The LLM Say Block's main goal is to accept user input and stream the message.

Here are main parameters that help us to optimize the answer:

  • LLM Model - we can choose which model will be the most suitable for our task
  • Context message (RAG) - here we use a template that has proven to be the most optimal:
    {memory.query}  
    {memory.character}.  
    START CONTEXT BLOCK  
    {memory.context}  
    END OF CONTEXT BLOCK  
    {memory.instructions}. Answer in maximum {memory.output_tokens} tokens.
    
  • Number of previous messages to include in the context
  • Max tokens - NOT output limit, this is a number of tokens after which the message will be cut short
  • Streaming - This parameter defines how we want to display the message from the bot.
    • None - chunk by chunk (more or less letter by letter)
    • Words - word by word
    • Full sentences - sentence by sentence
      Changing this parameter is useful when configuring voice bots (they can't properly read with None and Words)

Tool calling

The LLM Say block can also be used in the form of Tool Calling. Tool Calling is a feature that enhances conversational AI by enabling it to interact with external systems and data sources in real time, making bots more powerful and intelligent than ever.

Its key advantage is the ability to go beyond static, pre-trained knowledge and access up-to-date information. This allows bots to deliver real-time answers and perform tasks that rely on live data. By connecting to internal or third-party APIs, your AI can integrate seamlessly with existing business workflows.

This feature can function like an AI router, but with the added capability of defining exactly what information is required from the customer in a given context.
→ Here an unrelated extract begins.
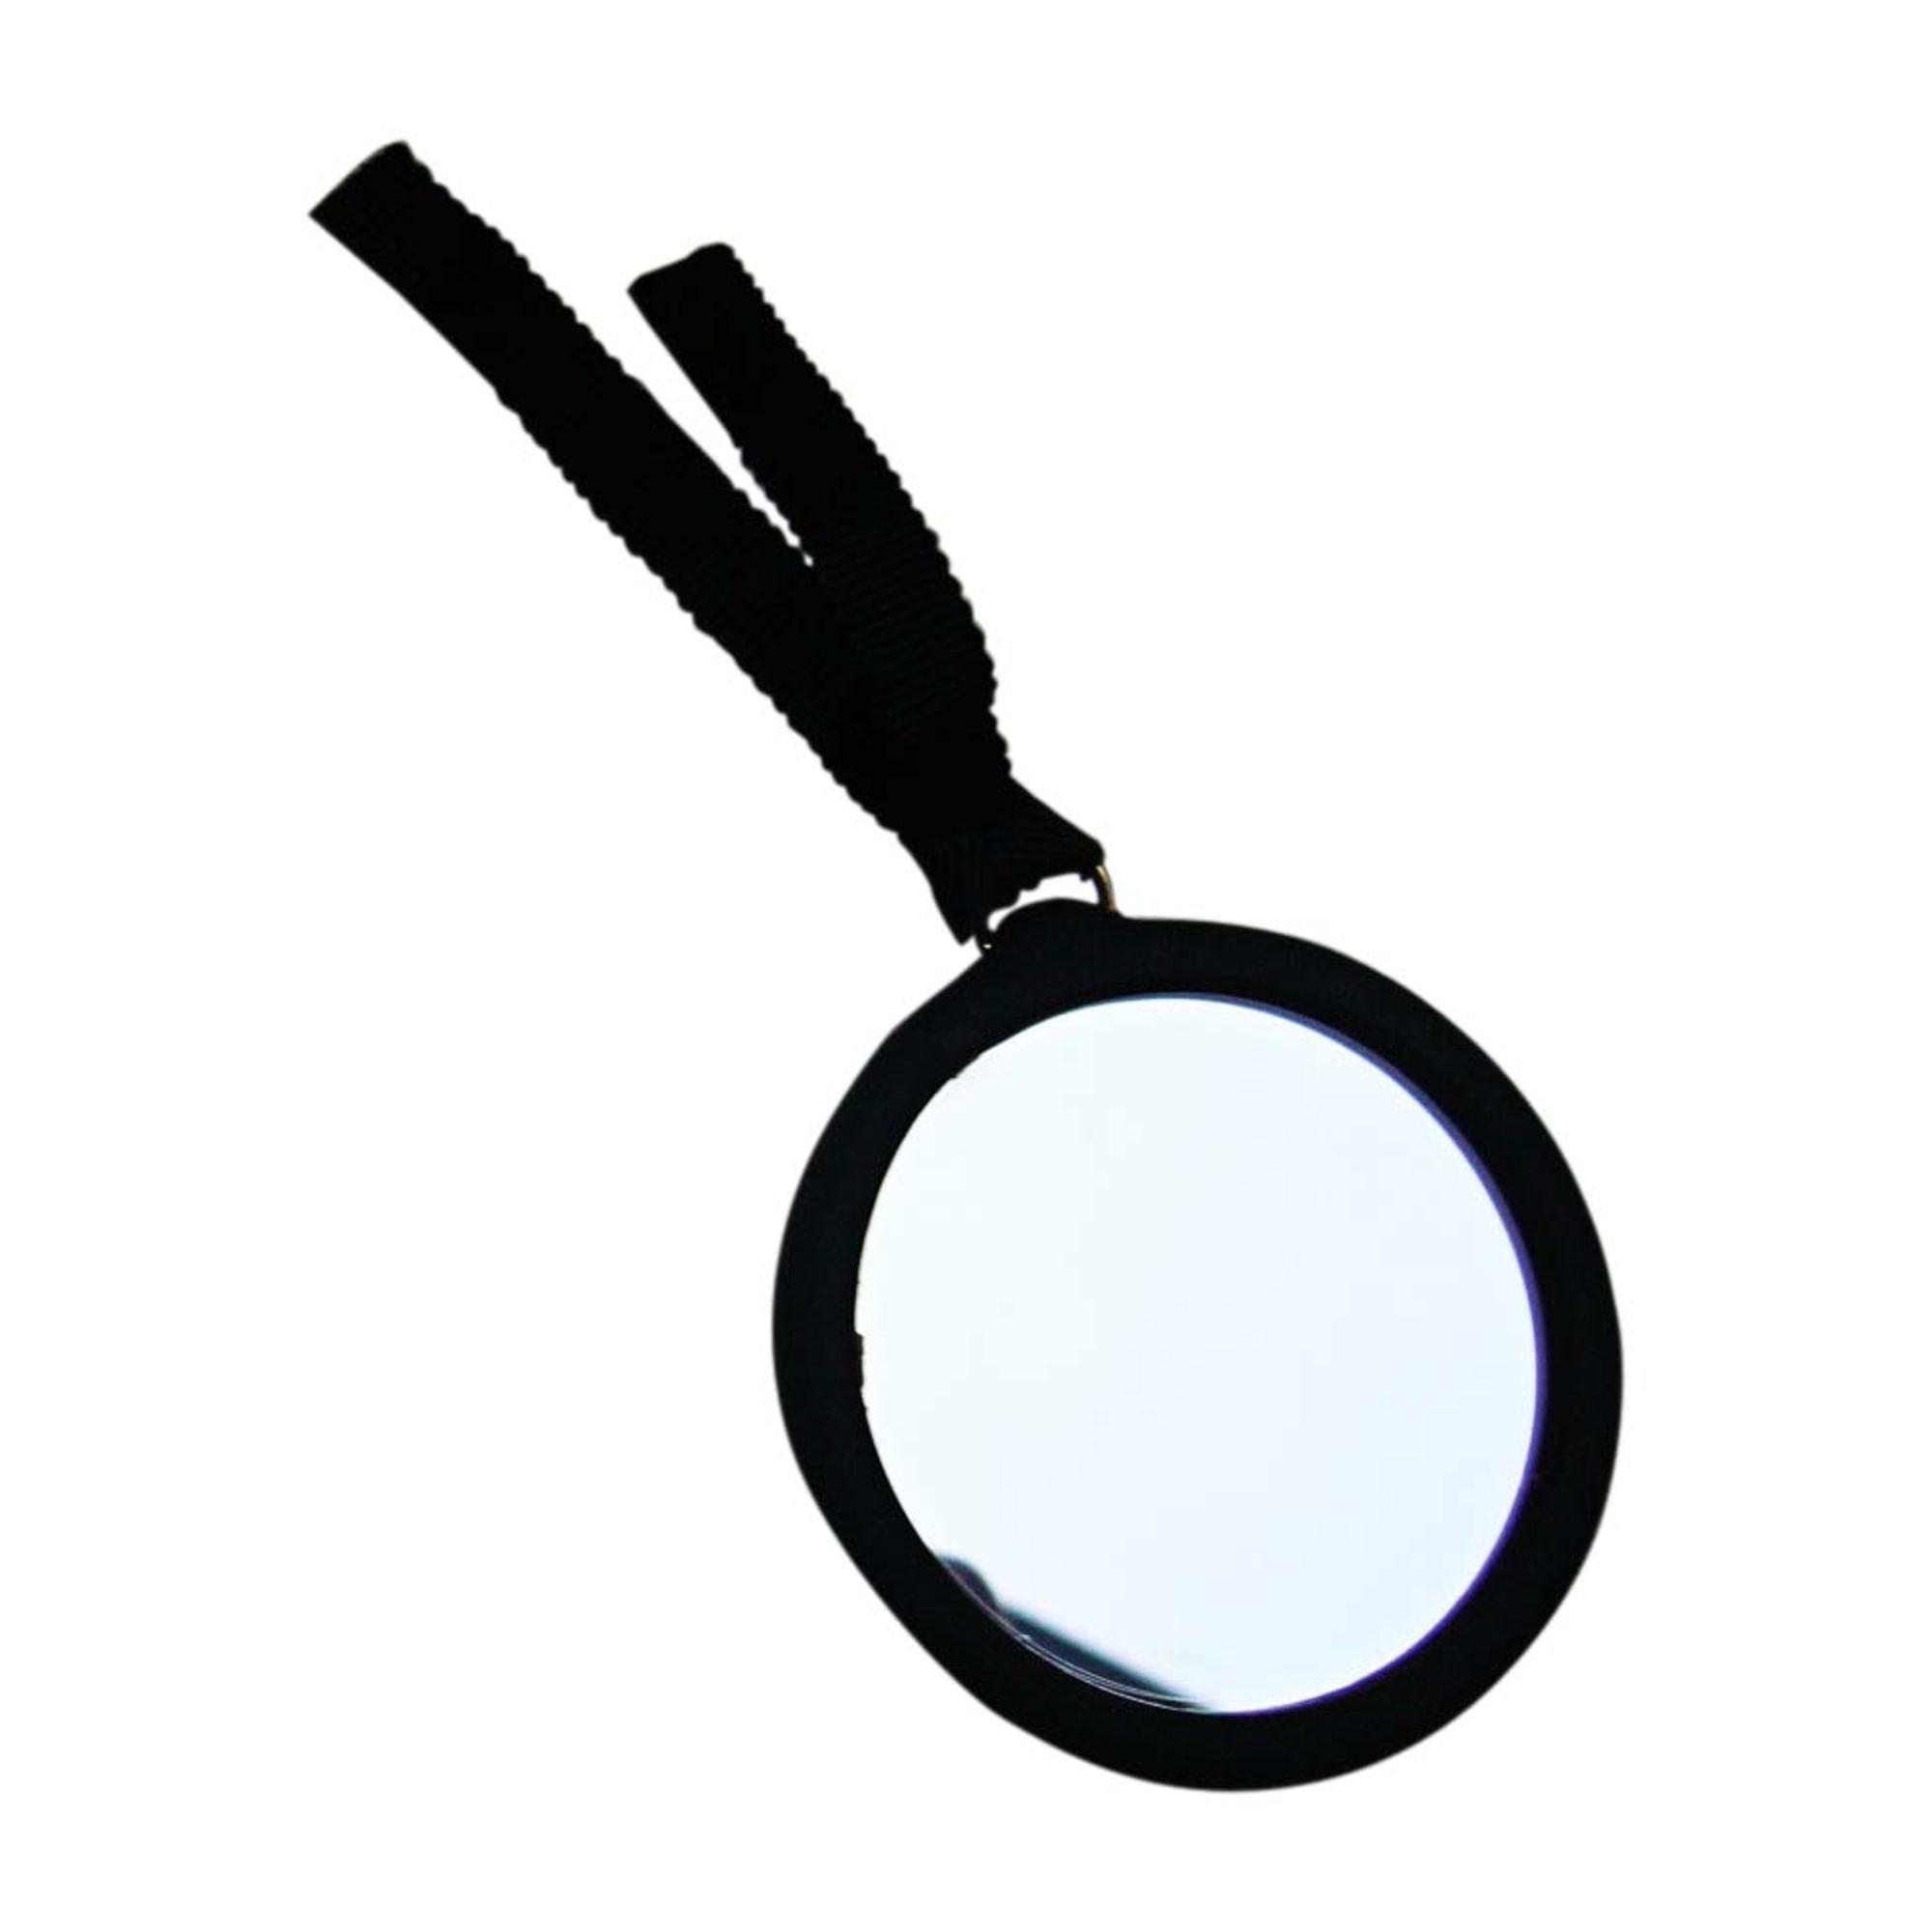 Pochette BURBERRY aspect gomme noir

It proactively gathers the necessary details step by step, and only once all relevant data is collected does it direct the conversation to the appropriate process or workflow.

It operates on a question–answer loop, exiting only once sufficient information has been obtained to proceed.
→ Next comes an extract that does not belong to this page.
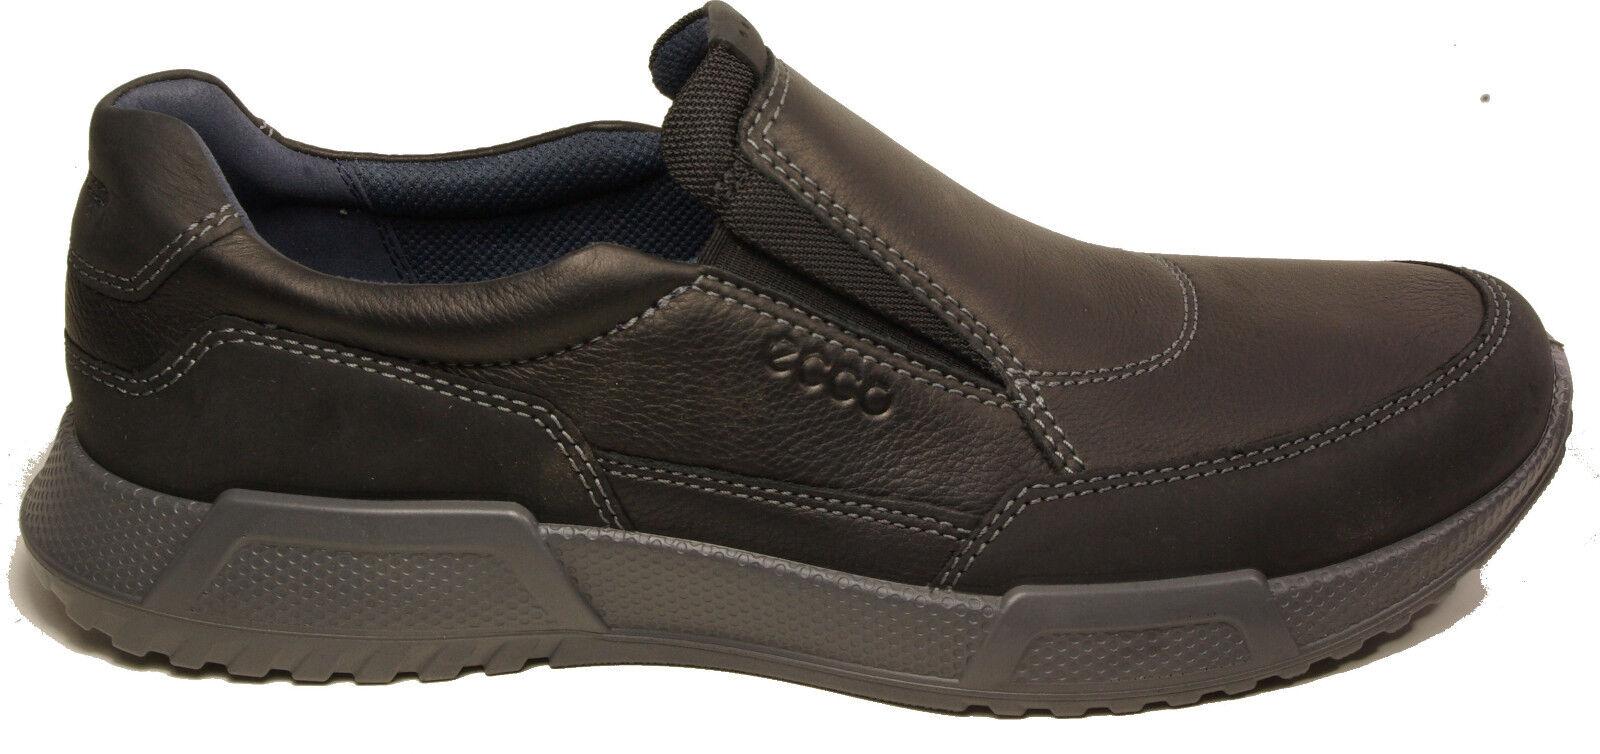 ECCO Schuhe Modell LUCA Slipper Halbschuhe schwarz Leder NEU

Returning Tool Call Results

After an LLM Say block executes and determines that one or more tool calls are necessary, by default it populates the memory.toolCalls path (memory path can be configured). Your workflow might then execute these tools (e.g., by calling external APIs) and return the results back to the LLM for final processing.

This is achieved by providing the results in a specific format within the memory. The LLM will then use this information to formulate a response to the user.

The toolResults Memory Path

To feed the results back to the model, you must place them in the toolResults memory path. The LLM Say block is configured by default to look for results at this location.

The results must be provided within the same conversational turn that the toolCalls were generated.

Required Data Structure

The tool results must be formatted as a array of objects. Each object in the array corresponds to a tool call that was executed and must contain two properties:

  • id: The unique identifier of the tool call. This must exactly match the id provided in the original memory.toolCalls object. This allows the LLM to correlate each result with its corresponding request.
  • result: The data returned from your tool or API call. This can be a string, a number, etc.

Example Walkthrough

Let's walk through a complete example.

1. LLM Triggers Tool Calls

A user asks for the weather and the latest news. The first LLM Say block processes this request and, using the tools you have defined, generates the following toolCalls array in memory:

memory.toolCalls output:

[
  {
    "id": "ABC123",
    "name": "get_weather",
    "arguments": {
      "location": "London",
      "unit": "celsius"
    }
  },
  {
    "id": "DEF456",
    "name": "get_news",
    "arguments": {
      "topic": "technology"
    }
  }
]

 

2. Your Workflow Executes the Tools

Your workflow now needs to act on this output. This typically involves:

  • Iterating through the memory.toolCalls array.
  • Using Integration block to call the actual APIs for get_weather and get_news.
  • Storing the result of each API call. For example, the weather API returns { "temp": 15, "condition": "sunny" } and the news API returns { "headline": "New AI model released" }.

3. Construct and Provide the Results

After executing the tools, you must construct the toolResults array in the required format. You can do this using a Custom block. Notice how each id matches the original id from the toolCalls.

memory.toolResults:

[
  {
    "id": "ABC123",
    "result": {
      "temp": 15,
      "condition": "sunny"
    }
  },
  {
    "id": "DEF456",
    "result": {
      "headline": "New AI model released"
    }
  }
]

4. LLM Formulates the Final Response

With the toolResults now in memory, the conversation returns to the initial LLM Say block. This block automatically ingests the results, understands their context in relation to the initial user query, and generates a final, user-friendly response.

The final output to the user might be:

"The current weather in London is 15°C and sunny. The top technology headline is: 'New AI model released'."